Abstract
Purpose. To examine changes in magnitude of the Brentano version of the Mueller-Lyer illusion by varying the chromaticities of the shaft and arrows along the cone-excitation axes and the occlusion of the shaft. Method. The Brentano version of the Mueller-Lyer figure was displayed on center of a CRT monitor subtending a visual angle of 48° x 37° at a viewing distance of 45 cm. The stimulus consisted of a shaft of 15.2° and 3 arrows of 2.3° per side forming 45° angles to the shaft. All stimuli were equiluminant to the gray surround (11.6 cd/m2) except for the black stimuli. The combinations of shaft/arrow chromaticities were black/black, L−/L−, L−/L+ and L−/S− as expressed in the DKL cone-excitation space. When the chromaticities of the shaft and arrows were different, the arrows occluded the shaft or were occluded by it producing a total of 6 stimuli. The magnitude of the illusion was measured by having observers adjust the position of the middle arrow using keys on a keyboard until judged that the 2 segments of the shaft to either side of the arrow appeared equal in length. When satisfied, the observer pressed a key to indicated it. The screen turned homogeneous gray for 3 s and the next stimulus appeared. Observers made these adjustments 6 times per randomly presented stimulus. Observers were 45 naïve, normal trichromats. The magnitude of the illusion was obtained by dividing the longer by the shorter segment of the shaft. Results and Discussion. Consistent with the past research, stimuli with identical shaft/arrow chromaticity produced more illusion than stimuli with different chromaticities.
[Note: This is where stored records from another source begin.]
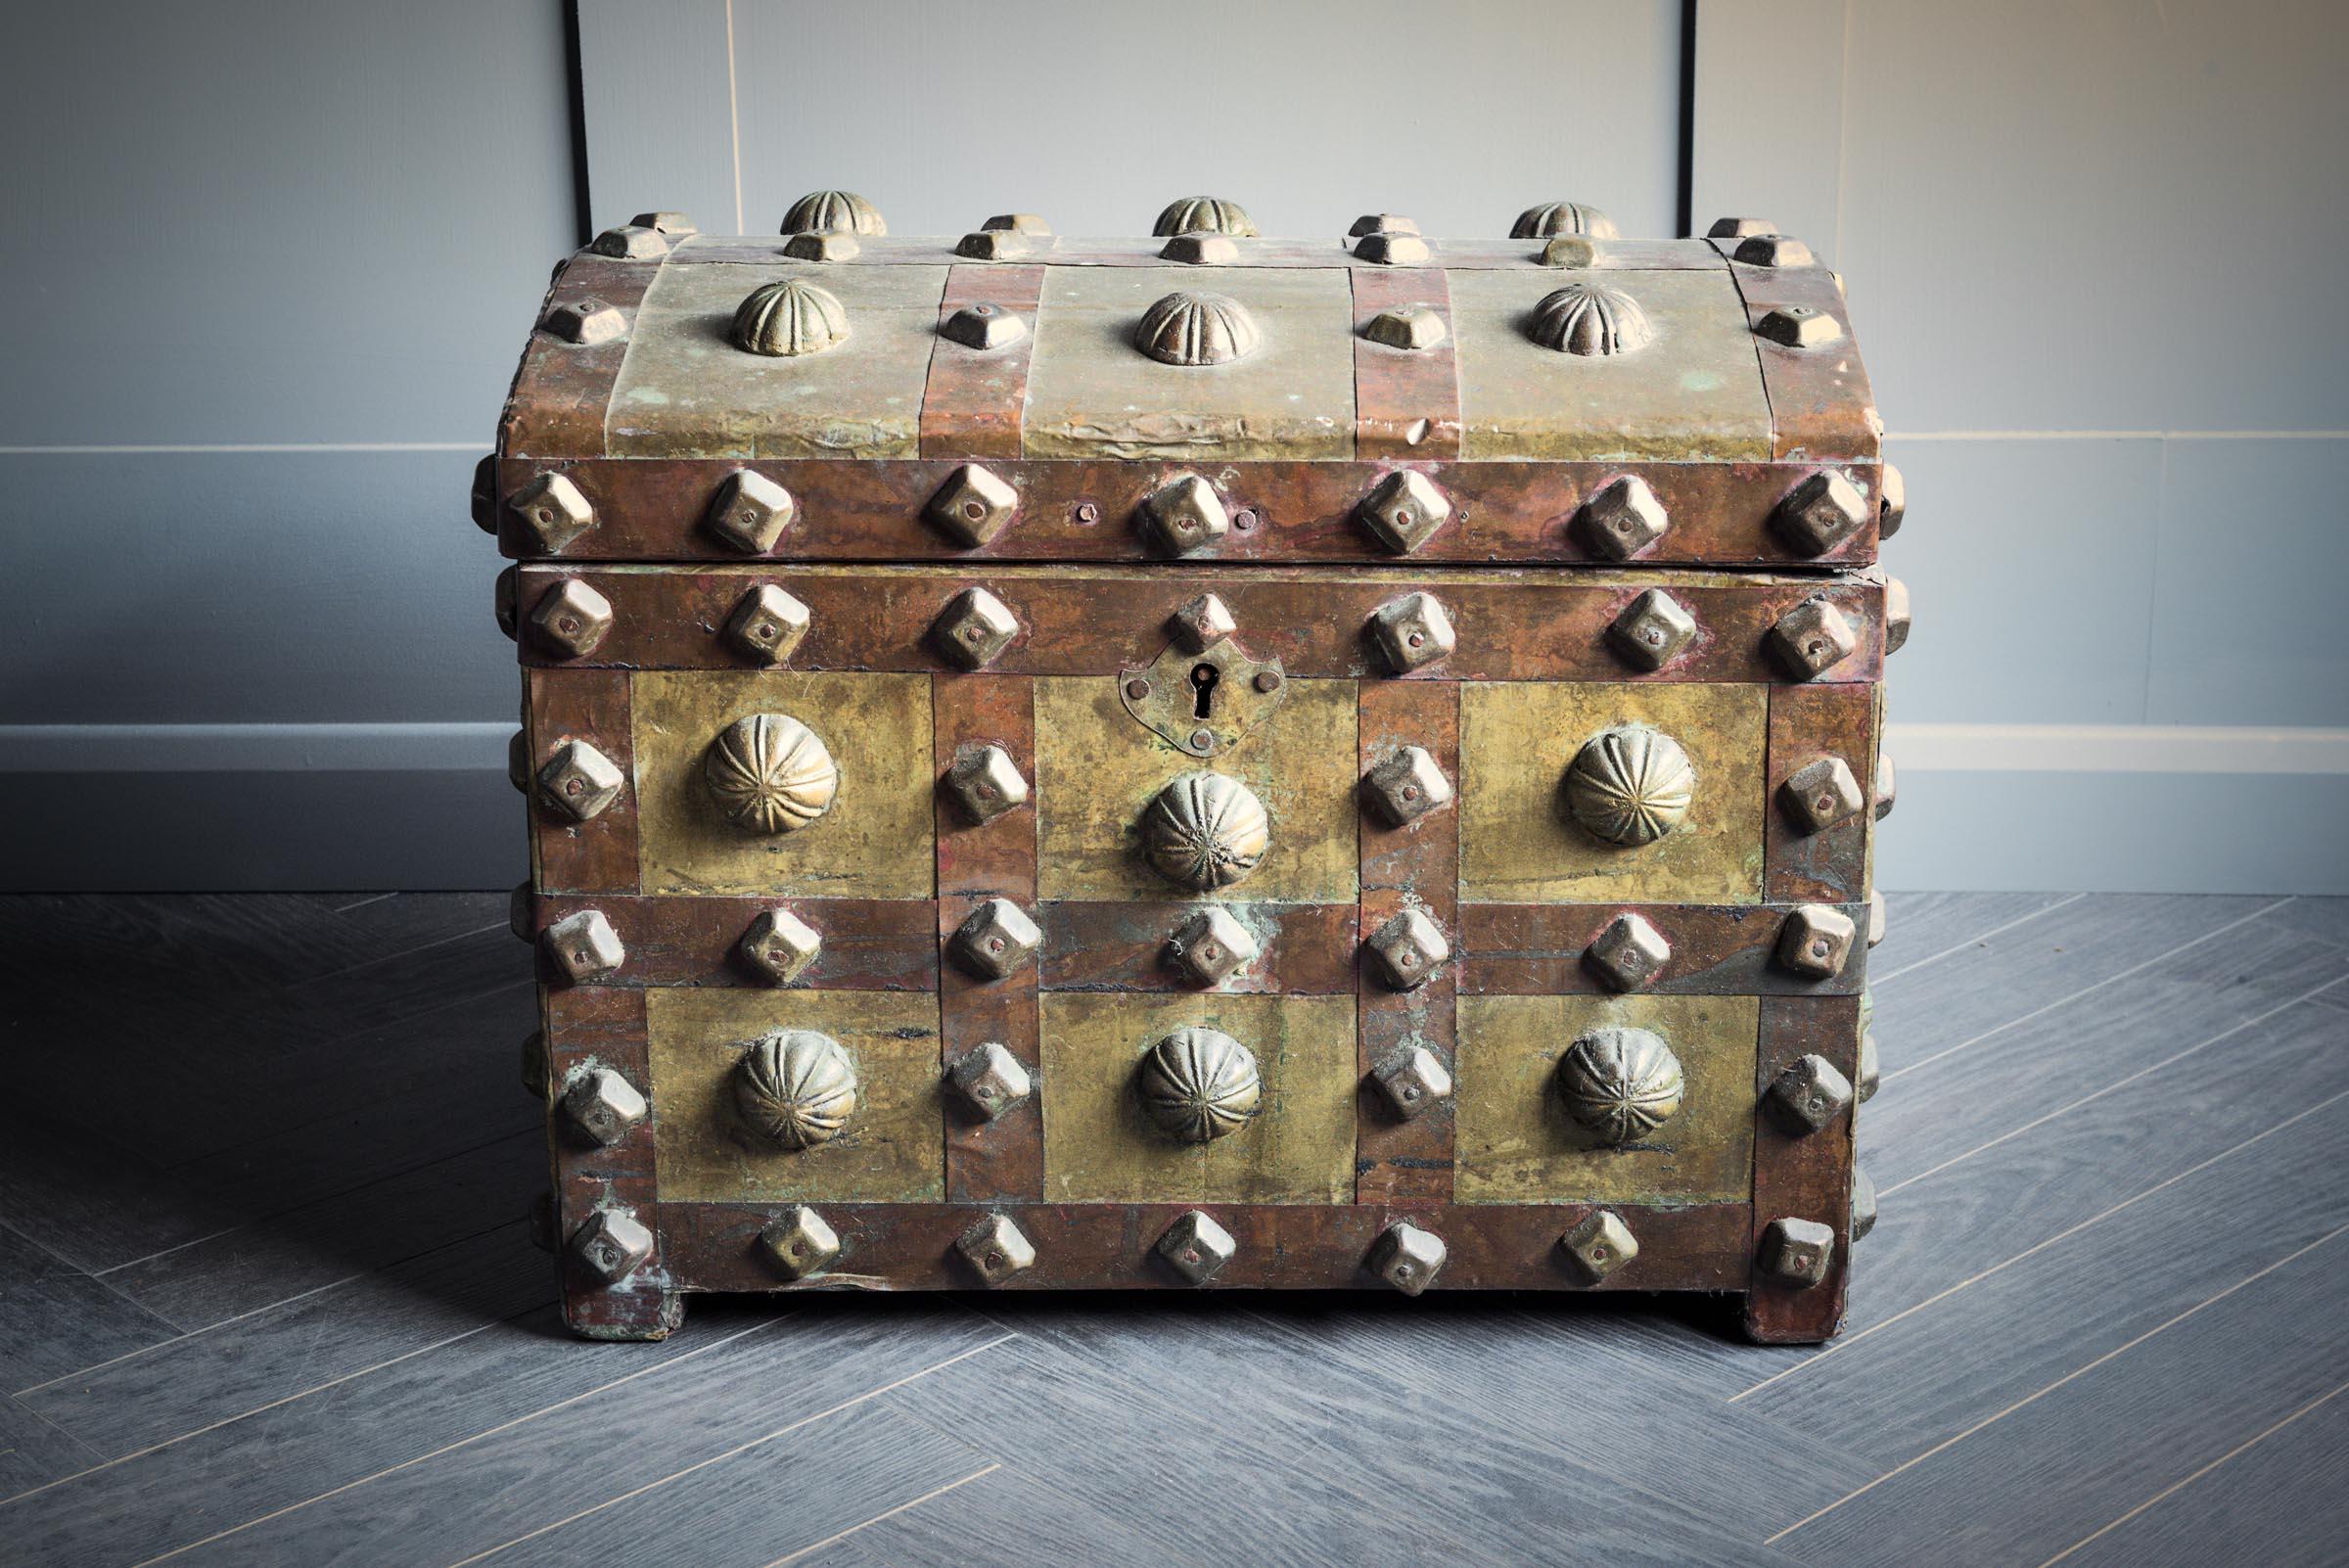 Eine mittelgroße Berber-Aussteuertruhe westafrikanischer Herkunft, deren Außenseite mit Metallzwiebeln kunstvoll verziert ist. Der Deckel lässt sich an zwei Metallscharnieren öffnen und gibt den Blick auf ein Mehrzweckfach im Inneren frei. Diese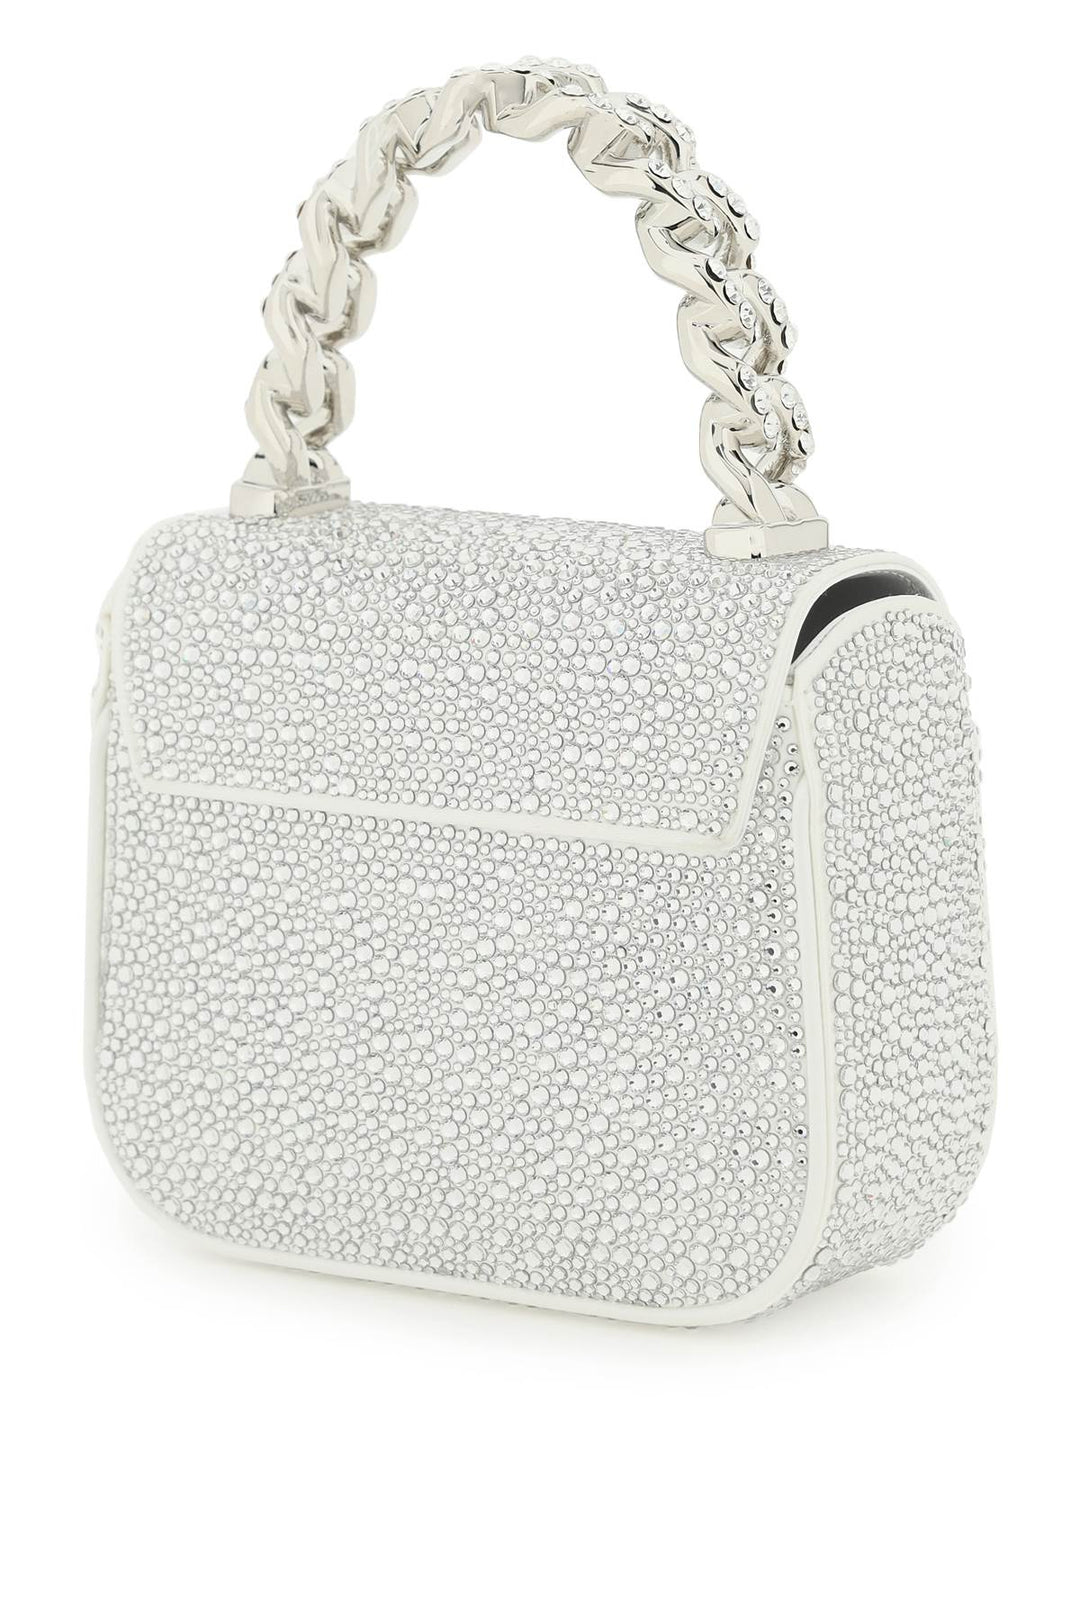 Versace La Medusa Handbag With Crystals   Argento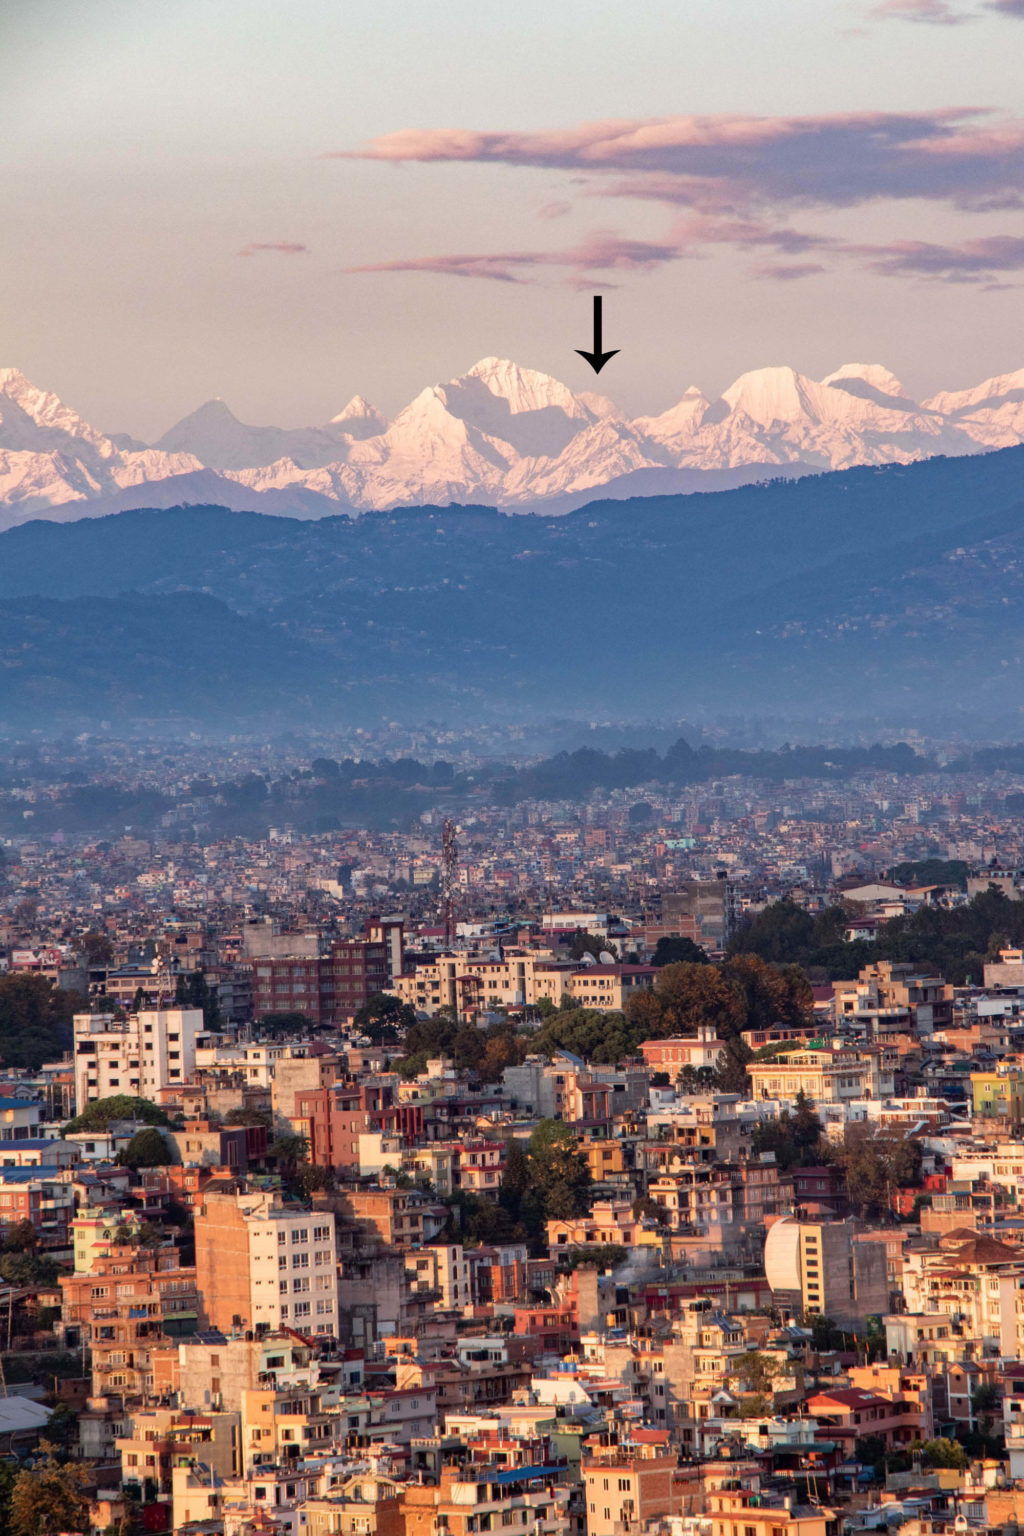 COVID-19-proves-that-Kathmandu-can-be-cleaned-up-2-min-1024x1536.jpg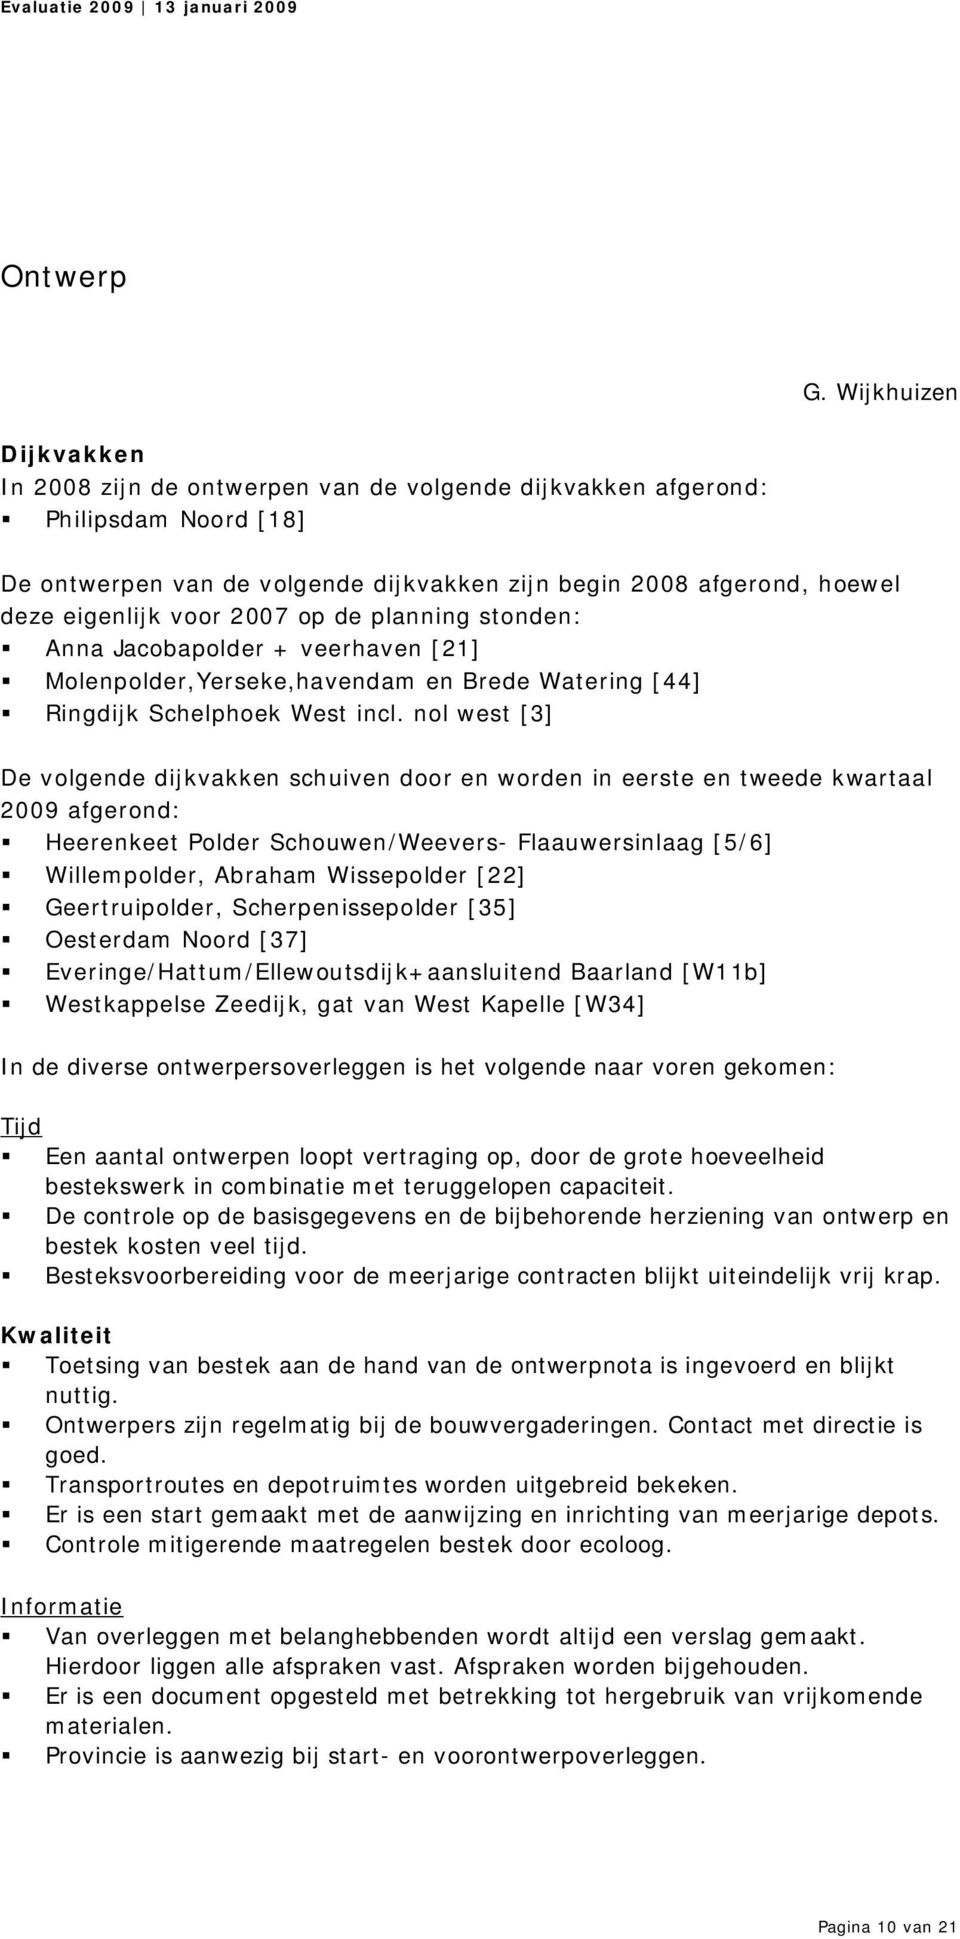 2007 op de planning stonden: Anna Jacobapolder + veerhaven [21] Molenpolder,Yerseke,havendam en Brede Watering [44] Ringdijk Schelphoek West incl.

L−/S− stimuli tended to produce more illusion than L−/L+ stimuli suggesting that the chromaticity similarity of the shaft/arrow components, not the chromaticity change along one axis, increases the illusion. When the middle arrow occluded the shaft rather than the opposite, the illusion was smaller. This is possibly because the observer can see the clear segmentation of the shaft by the middle arrow.
This study was supported by National Institute of Health National Eye Institute research grant EY13936.